Monday Hangover

Friday was a a low key day, I went out had a few beers with Torino, and Commando. Then tried to go to my old High School Homecoming game, it was way over capacity, so I wasn’t able to get in.  A couple things, they were rude bastards about it, hey a-hole I know your over capacity but don’t be screaming it, and fucking acting douchebaggy. They don’t do the nice programs like they use to do when I went there, now they just do a sheet a paper, and they were’nt even selling hats. After that I went home.

Saturday- My friend Talledega had a party, he built a bar in his basement, and wow…simply wow. He spent a pretty penny on it. It’s really cool. I was impressed.  Despite having a good time over there. I gave my word to show up to another party. So my word being my bond, I showed up. I felt bad for this girl some of her closest friends didn’t show up. Ya know if it was my friend, barring anything terribly unforseen like sickness. I’d be there. Not saying stay the whole night, or be there for 8 hours, just pop in, and make an appeareance have a shot, and leave.  I really felt bad for this girl, If you don’t make an effort for your friends, then how good of friend are you?  Regardless I had a good time.

I ended the night by meeting up with Jackass on Oak Park Avenue, and having a few more, stayed after hours with the Durbins crew. Which is always cool, it brings me back to the days when I bounced.

Sunday – I spent the day with my Dad, Brother, and Cousin for the Bear game.

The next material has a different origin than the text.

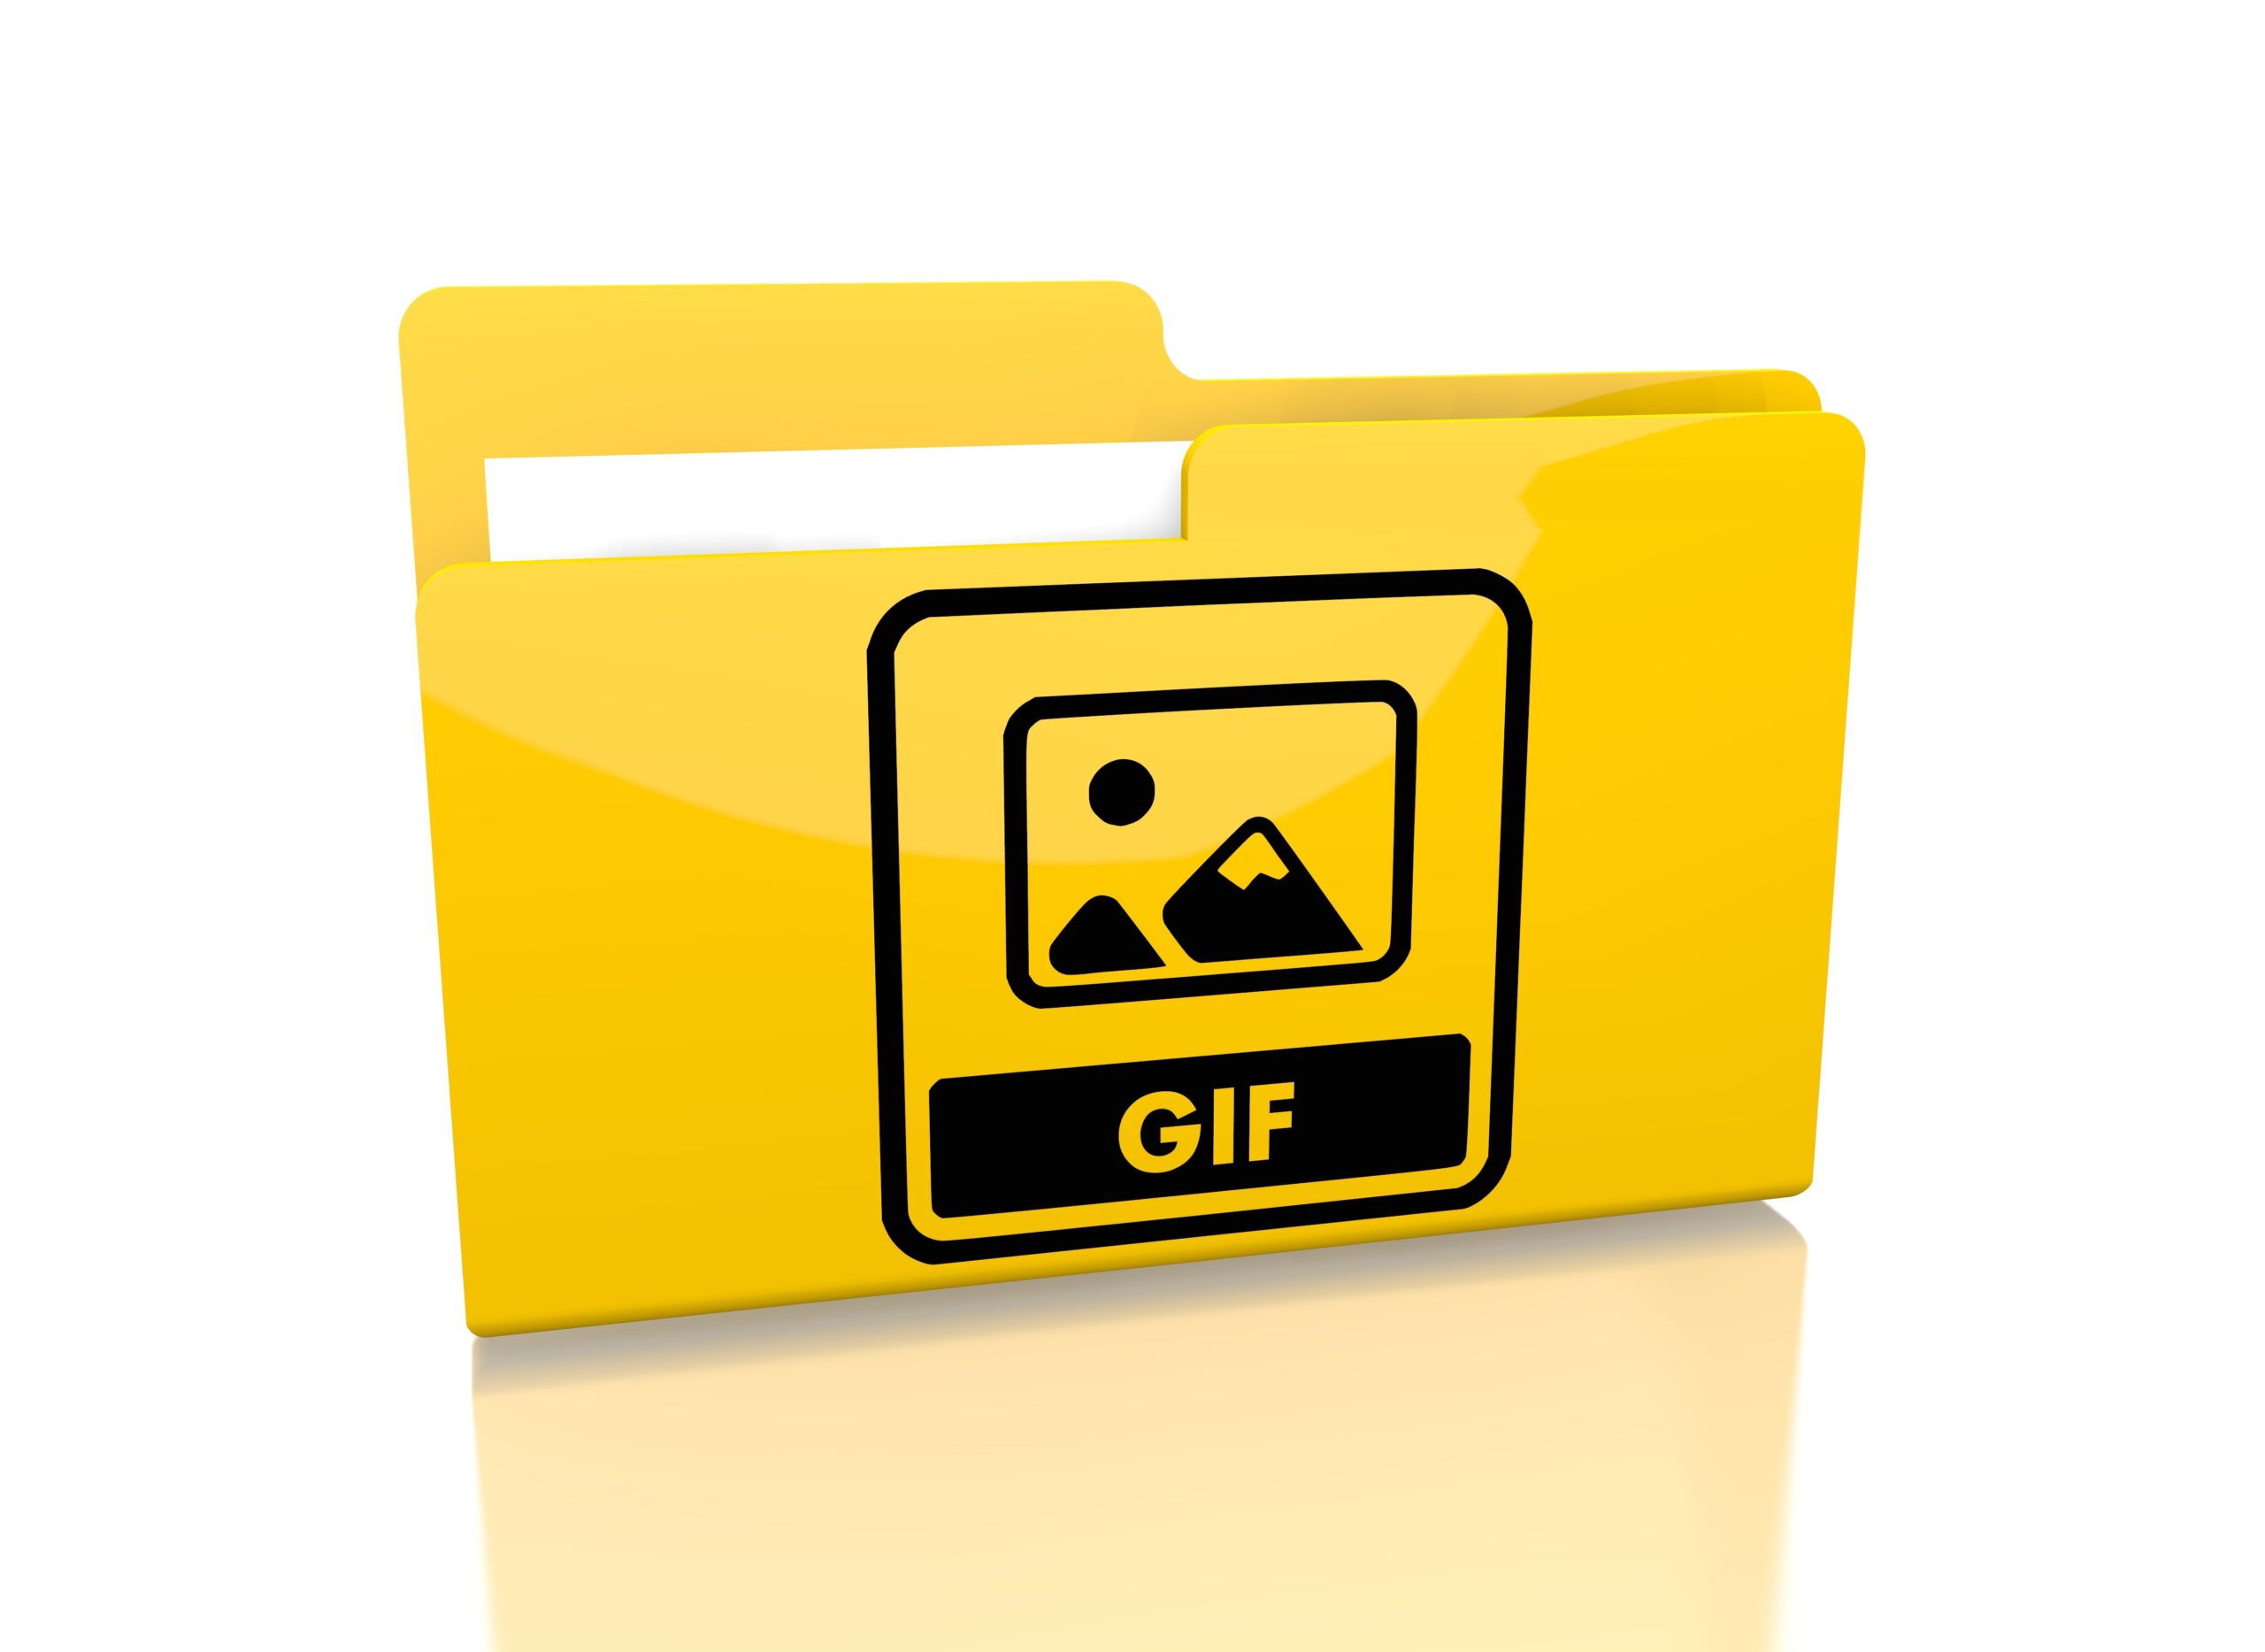 GIFのファイルイメージ

My father isn’t looking so good. He can hardly walk, or stay awake. I dropped my father at home then I met up with Jackass, for a drink. I really needed a laugh.

And Jackass provides, when I got to Durbins I walk in, there’s Jackass with his nails painted hot pink, and eyeliner on. He was more smashed then I’ve seen him in a long time. We went down to Teehans, and at one point Jackass tried to take his pants off, then we were play fighting in Teehans. My side was hurting from all the laughing. Finally he went home, and I ended up back at Durbins. Had a few more and called it a night.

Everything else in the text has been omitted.